Data segment>
○ ○ ○ ○

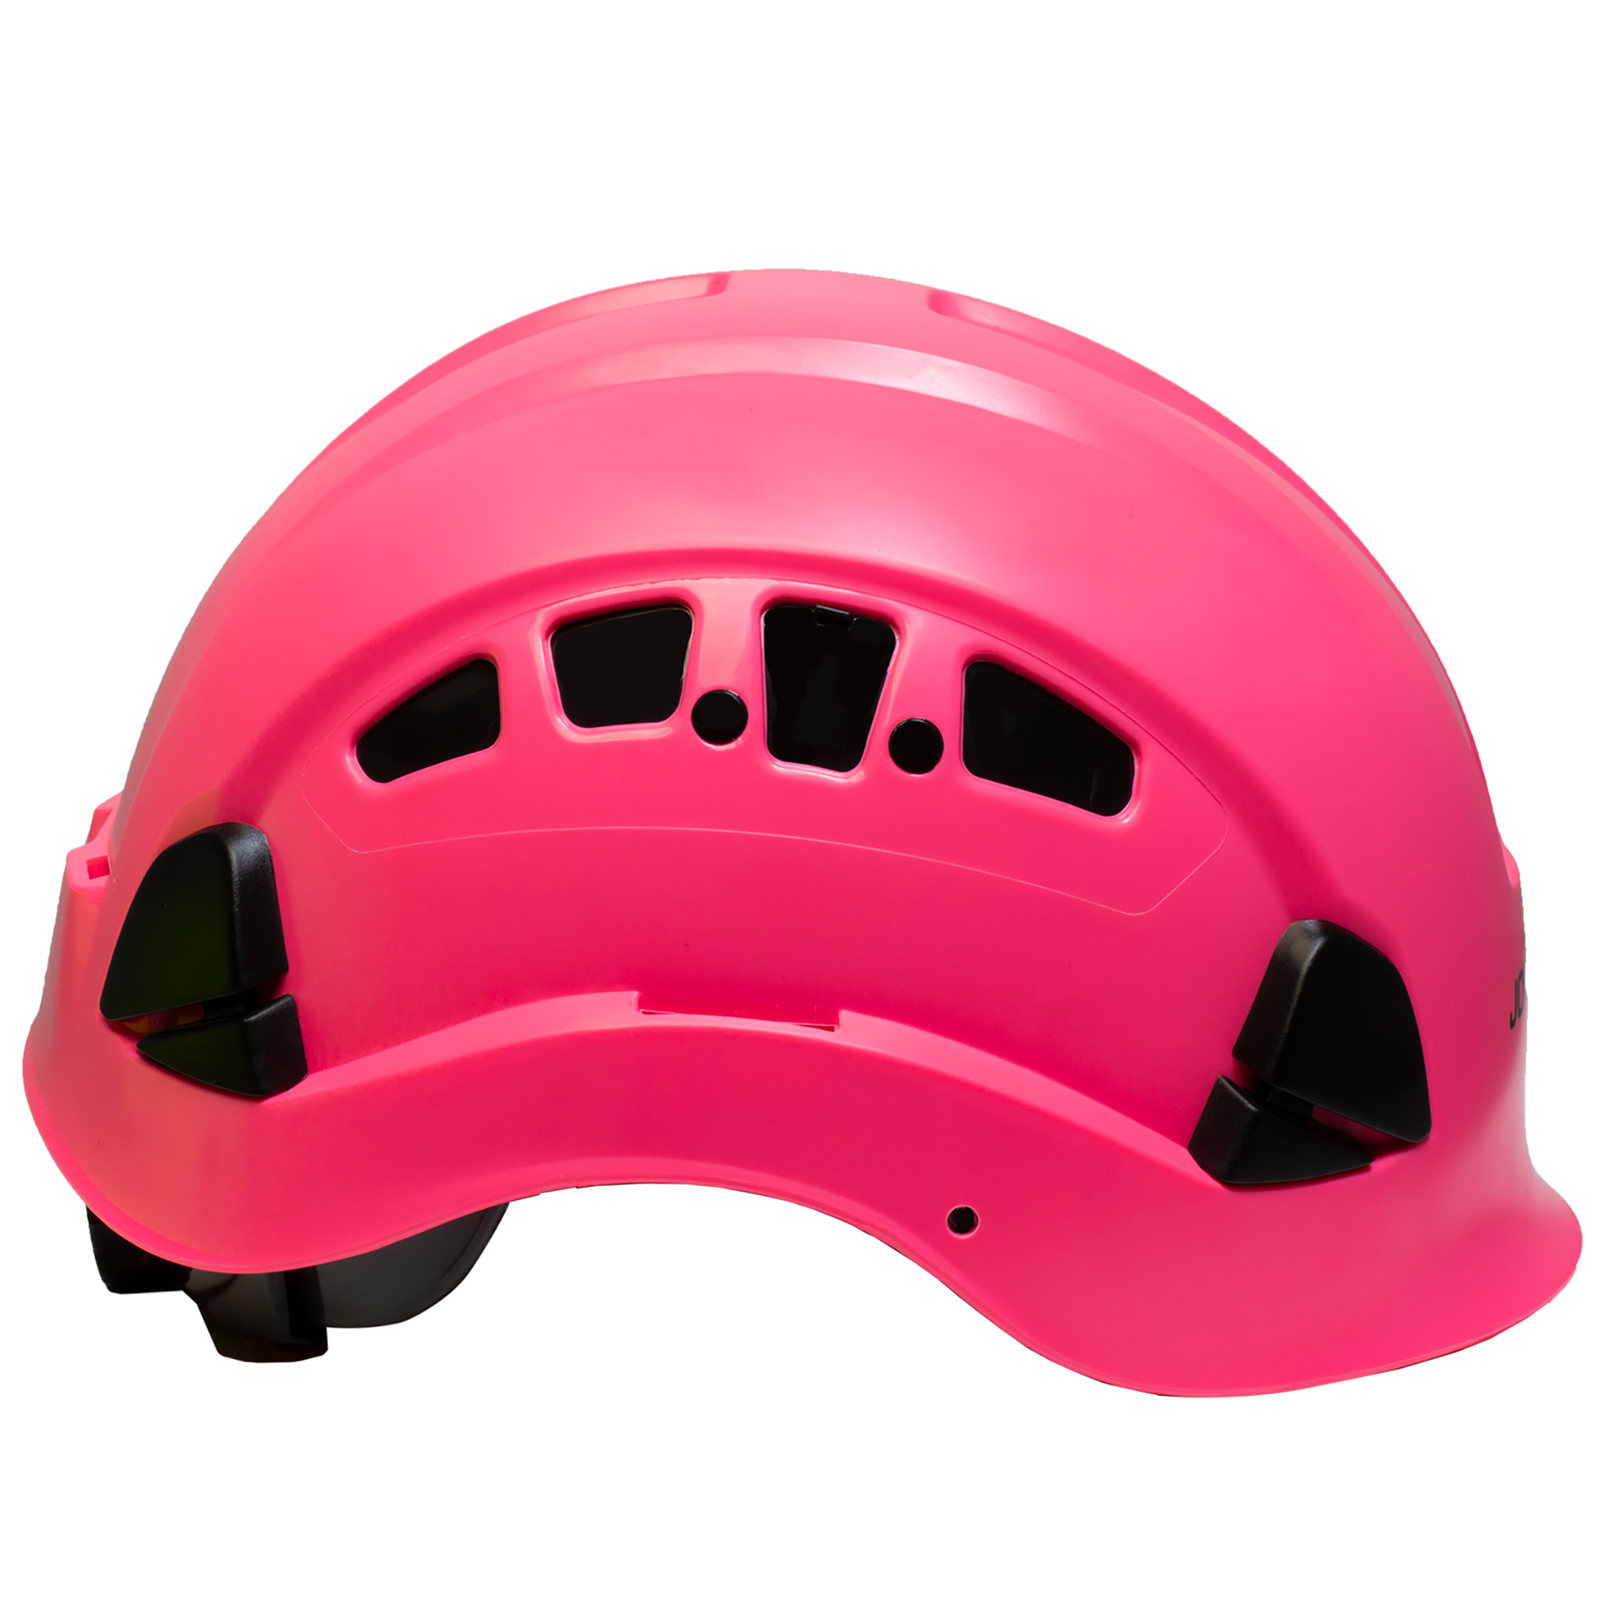 Rescue ABS hard hat with cooling vents, 6 point suspension, wheel ratchet adjustment and chin strap for head protection.
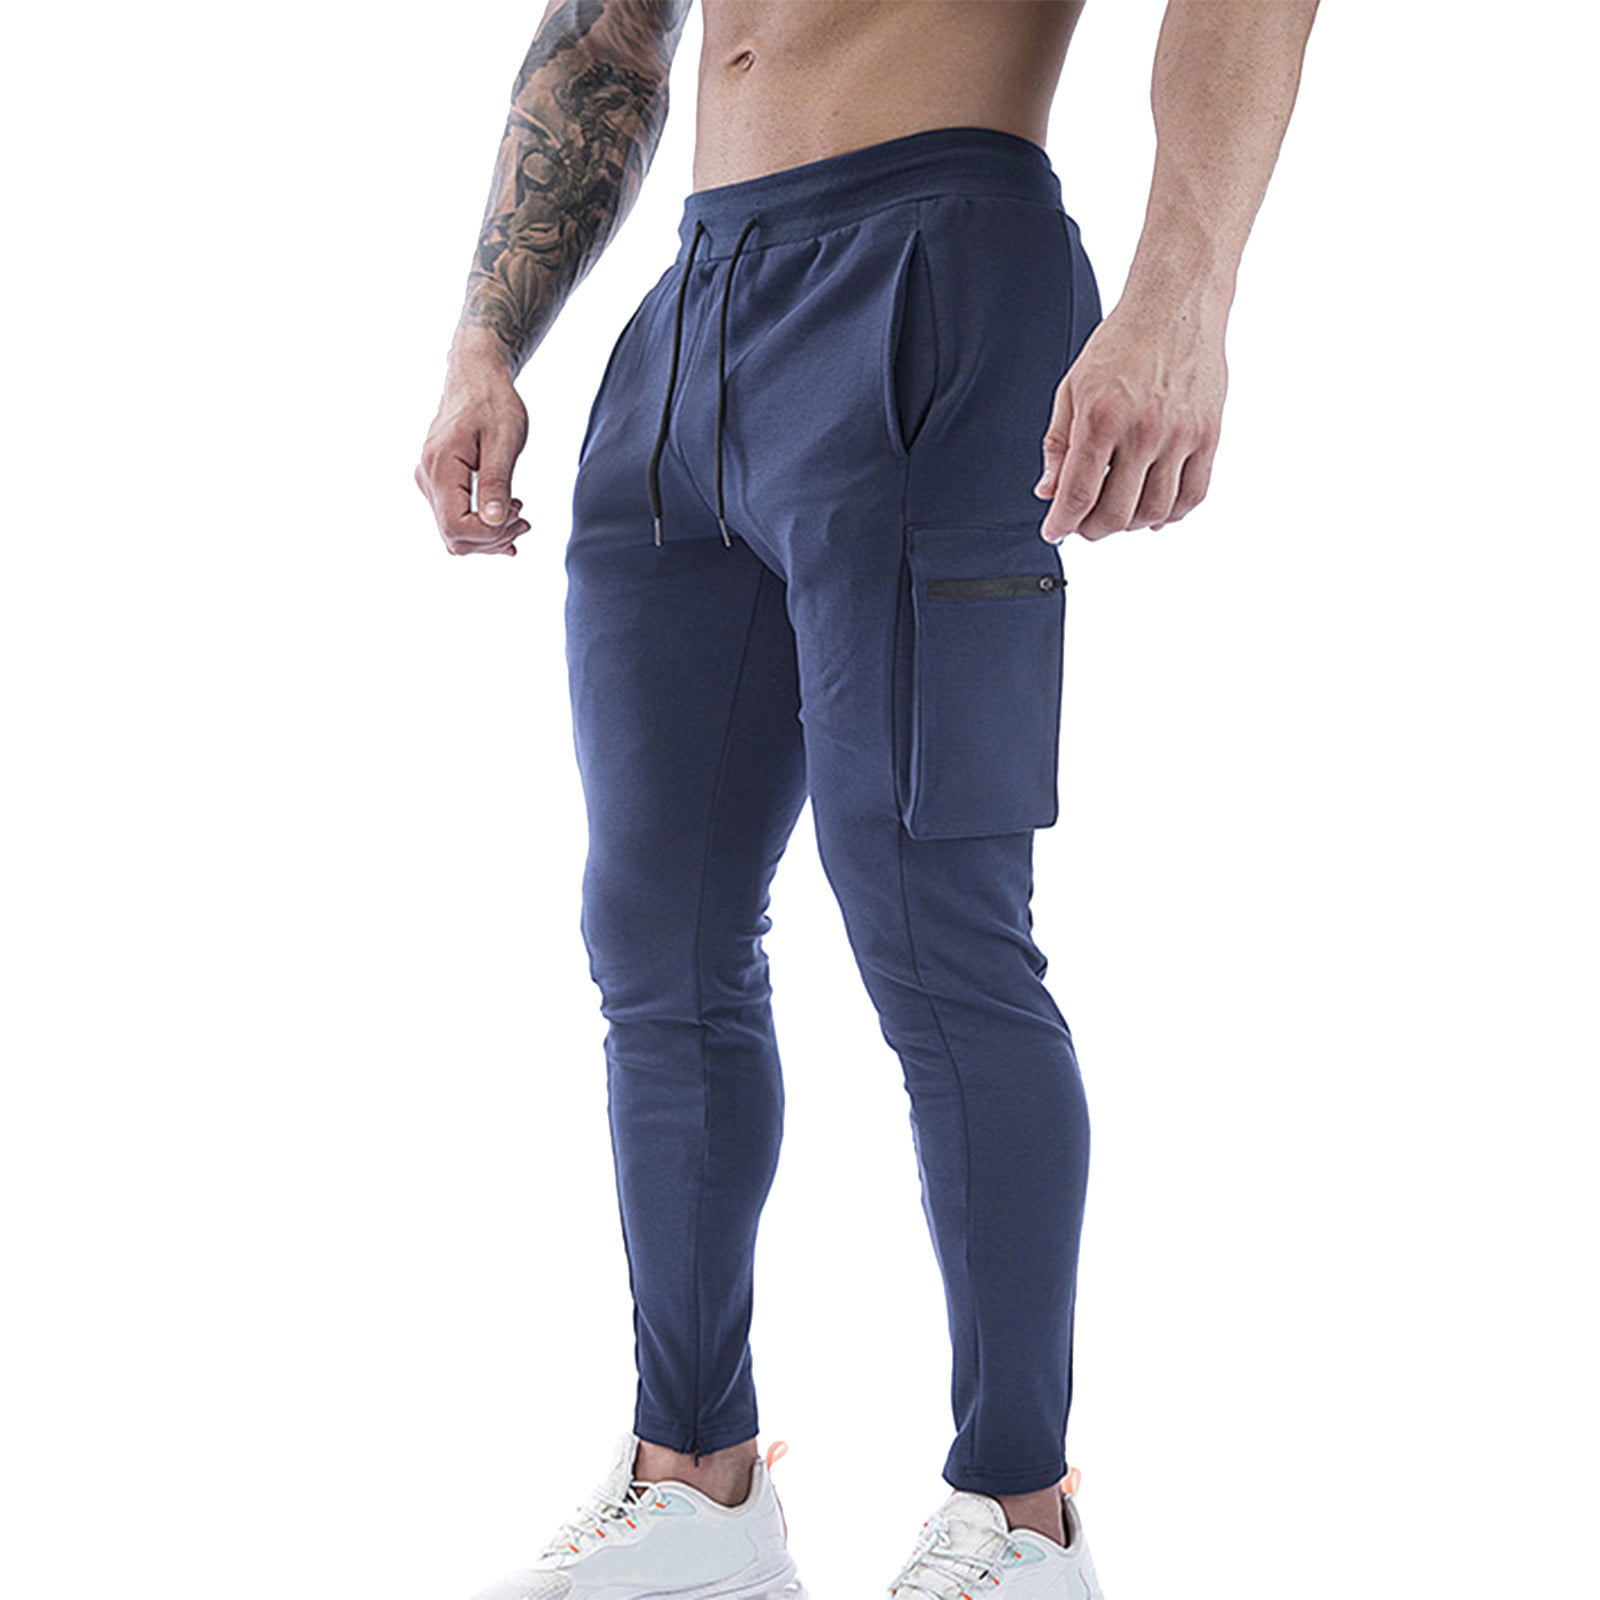 Men's Track Pants Online: Low Price Offer on Track Pants for Men - AJIO-cheohanoi.vn
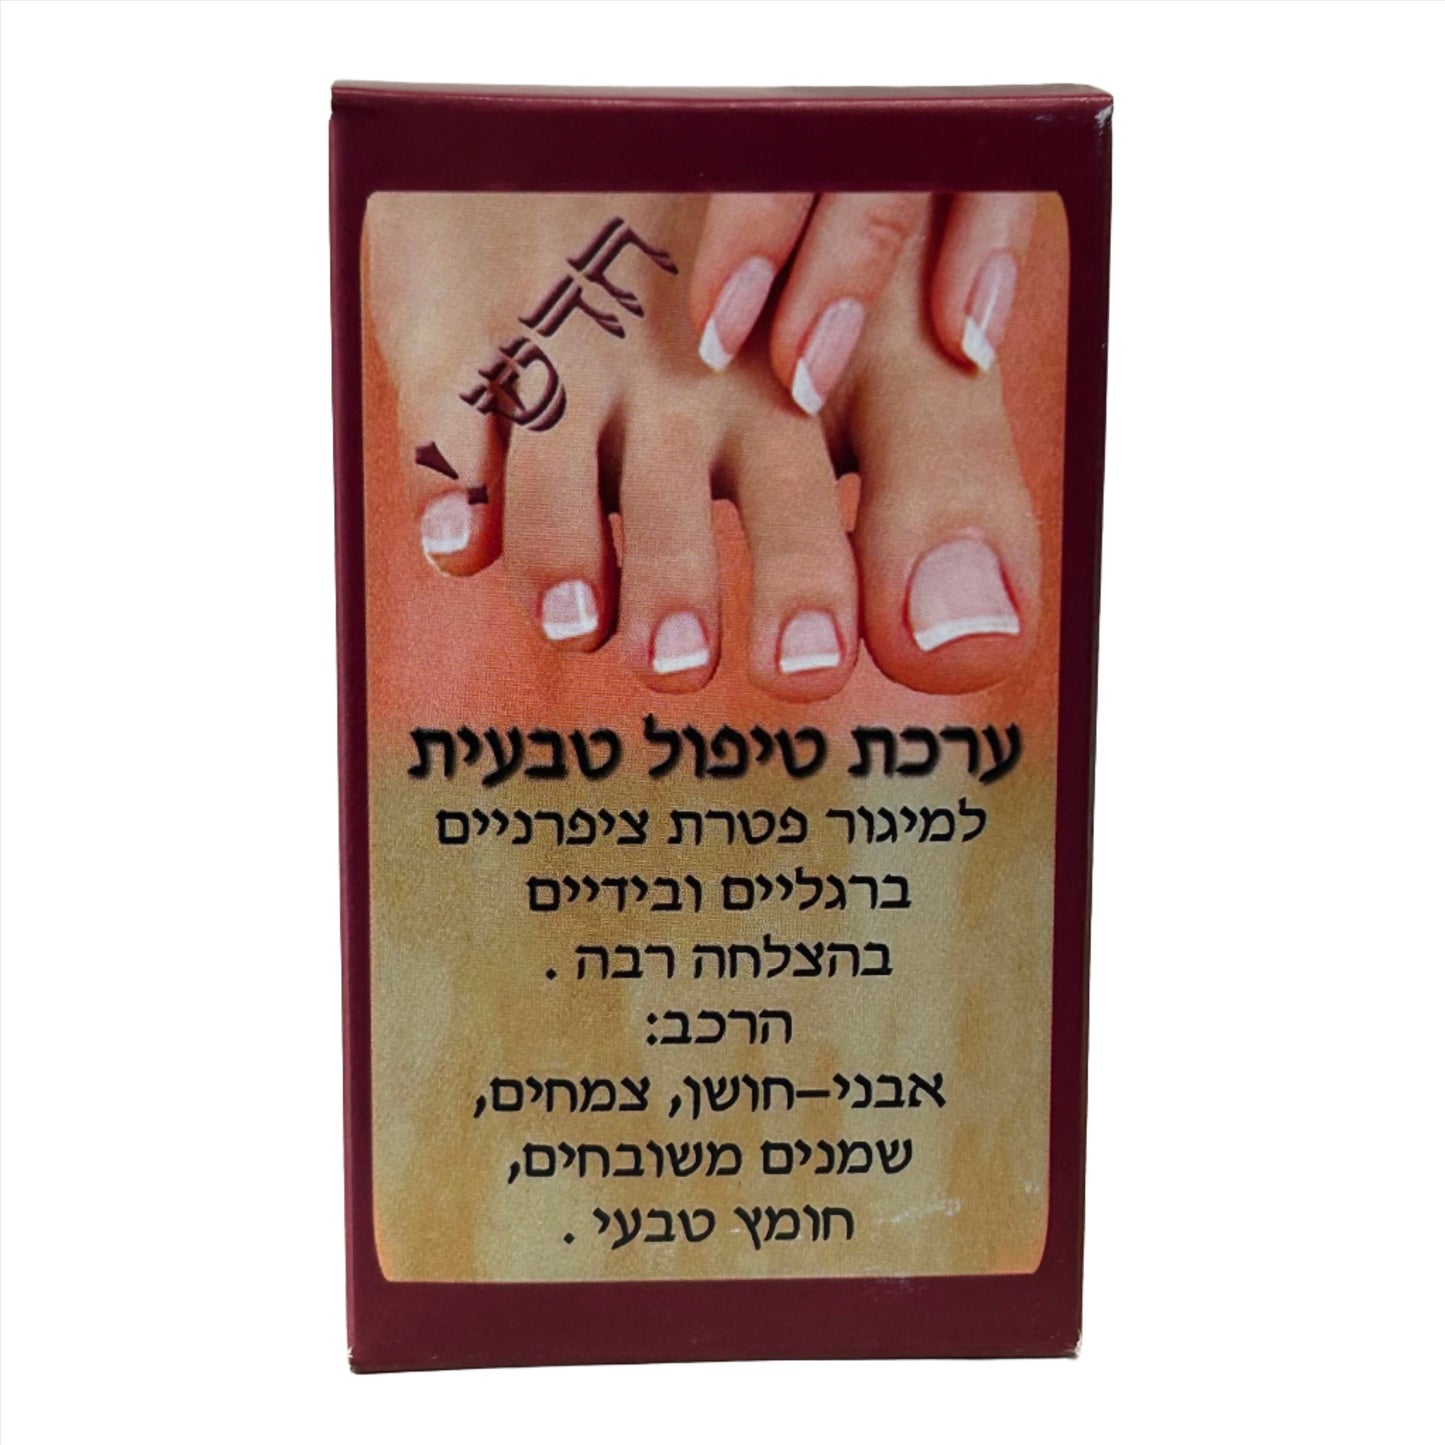 Natural Treatment for Fungal Infection of the Nails Healing Essence by Dr Gila Gavrielov

○ ○ ○ ○

Exercise details>
Please print the lines exactly, from the top of the material through the line with "Men's Track Pants", and omit the pictures.

Written reply>
 Rescue ABS hard hat with cooling vents, 6 point suspension, wheel ratchet adjustment and chin strap for head protection.
 Men's Track Pants Online: Low Price Offer on Track Pants for Men - AJIO-cheohanoi.vn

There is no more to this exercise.